Designing Blast Resistant Buildings for Oil, Gas, & Petrochemical Plants

Introduction:

This blast-resistant building design for oil, gas, and petrochemical plants training will concentrate on dynamic material strength, the phenomenon of blast load, and the design of concrete and steel structures to withstand the blast load.

Innovative materials, such as Carbon Fiber Reinforced Polymer (CFRP), that will be utilized to shield the structure from the blast load, will also be discussed along with dynamic analysis approaches. The freshly updated ASCE publication on the Design of Blast-Resistant Buildings in Petrochemical Facilities extensively informs the content of this civil and construction engineering course.

The blast-resistant building design for oil, gas, and petrochemical plants course will elucidate the design management process for industrial projects, including an exposition of the total load affecting structure building in oil and gas facilities. Various established learning methodologies will be employed to enhance the retention and comprehension of the knowledge imparted.

This course on blast-resistant building design for oil, gas, and petrochemical plants addresses the critical need to design infrastructure capable of withstanding the extreme conditions in these facilities. Emphasizing the importance of blast-resistant building design, we will explore various approaches, including the use of blast-resistant modular buildings, to ensure the resilience and safety of these structures.

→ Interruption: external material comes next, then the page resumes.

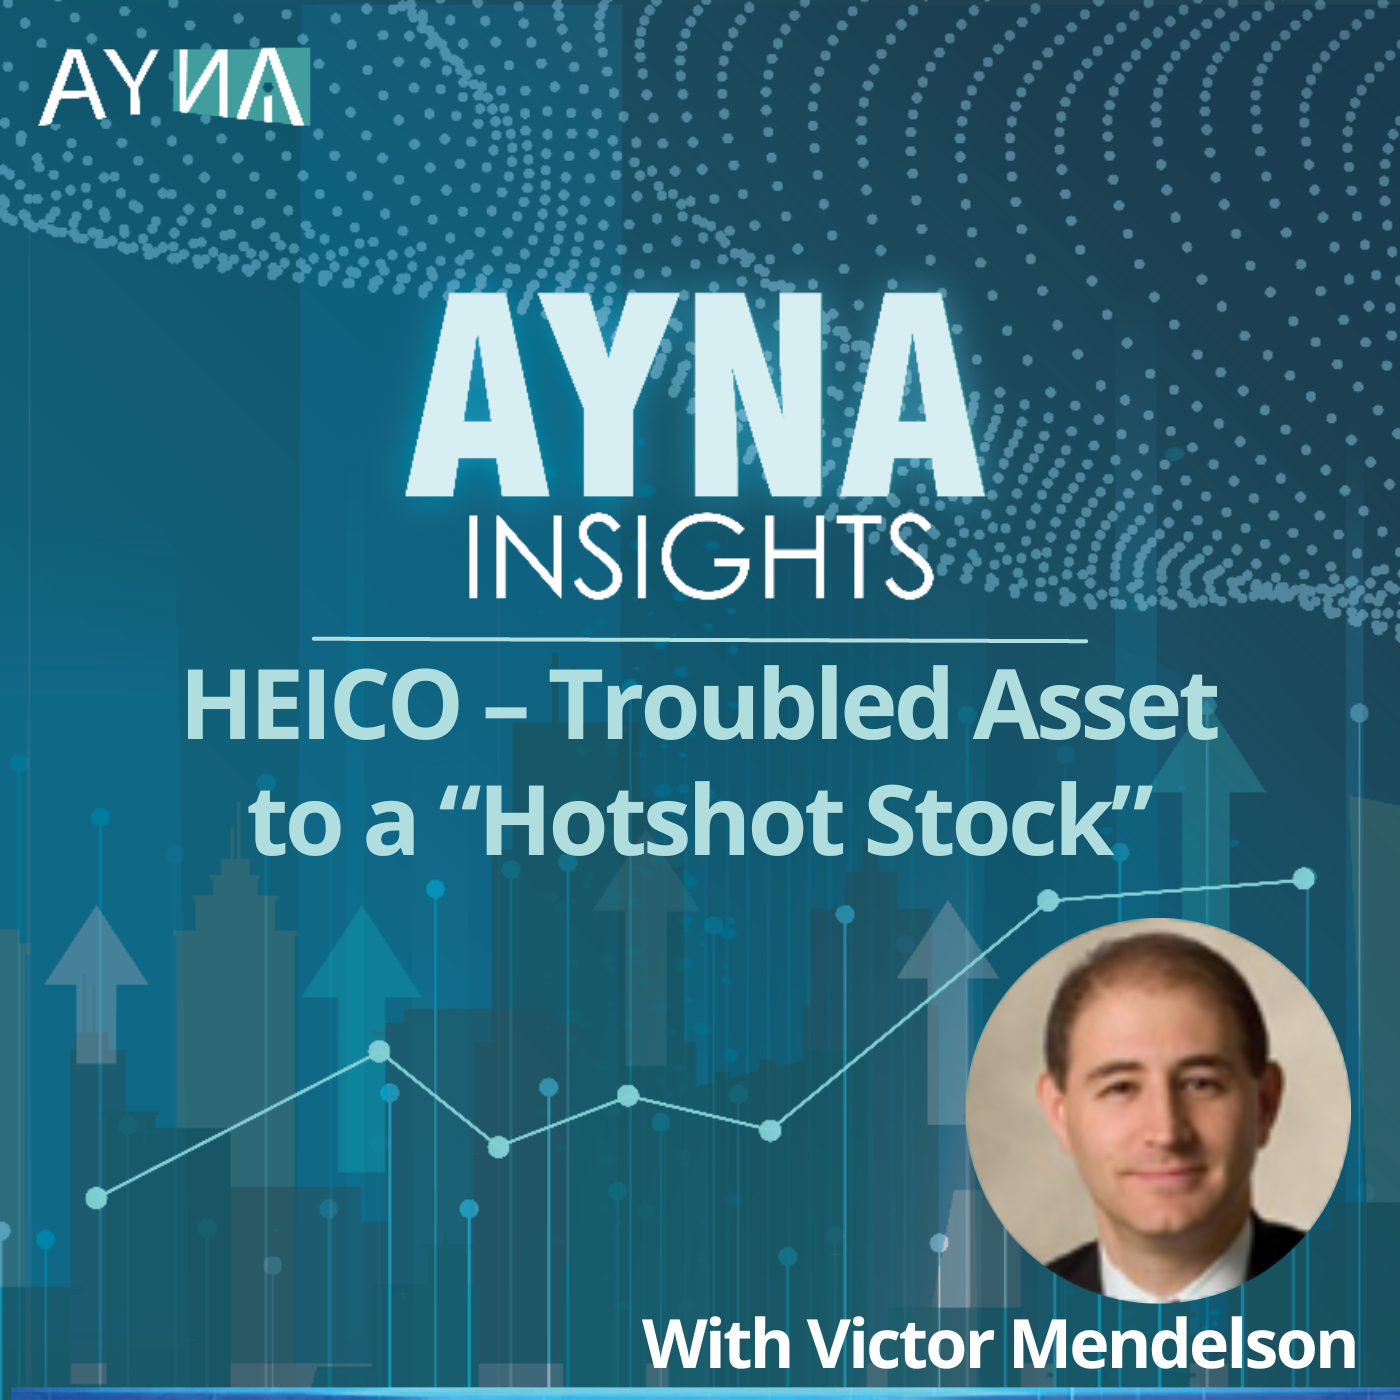 Victor Mendelson: HEICO – Troubled Asset to a “Hotshot Stock”

This course on blast-resistant building design for oil, gas, and petrochemical plants will cover the following topics:

• Concrete and steel structure design principles for optimal structure system determination.
• Reaction and properties of materials when subjected to blast forces.
• CFRP design principles utilized for blast damage mitigation.
• Integrity management system techniques account for primary aspects of design, construction, and maintenance to economically maintain the structure over its lifetime.

Targeted Groups:

• Construction Civil Engineers.
• Construction Structural Engineers.
• Junior and Senior Structural Engineers.
• Project Engineers.
• Engineering Managers.

Targeted Competencies:

Participants competencies in this training on blast-resistant building design for oil, gas, and petrochemical plants will:

• Cost-effective techniques for constructing blast protection structures.
• Enhancement of structure behavior with cutting-edge technology and its real-world application.
• Minimizing the cost of structure failure through innovative building design.
• Ensuring investment protection through resilient blast load-bearing buildings.

Course Objectives:

Participants in this course on blast-resistant building design for oil, gas, and petrochemical plants will:

• Familiar with problems, solutions, and failures caused by the petrochemical industry's concrete structures.
• Insights into the standards and methods for designing blast-resistant buildings.
• In-depth understanding of dynamic analysis fundamentals.
• Core skills in applying engineering methodologies for blast load estimations and dynamic structural reactions.
• Overview of design techniques for common building materials (steel, concrete, masonry), structural systems (shear walls, frames), and non-structural components (doors, windows).

Course Content:

Unit 1: Design Codes and Load Conditions:

• Role of Design Management Process in Industrial Projects.
• Setting Load Conditions for Industrial Structures.
• Concrete design using BS and ACI Codes.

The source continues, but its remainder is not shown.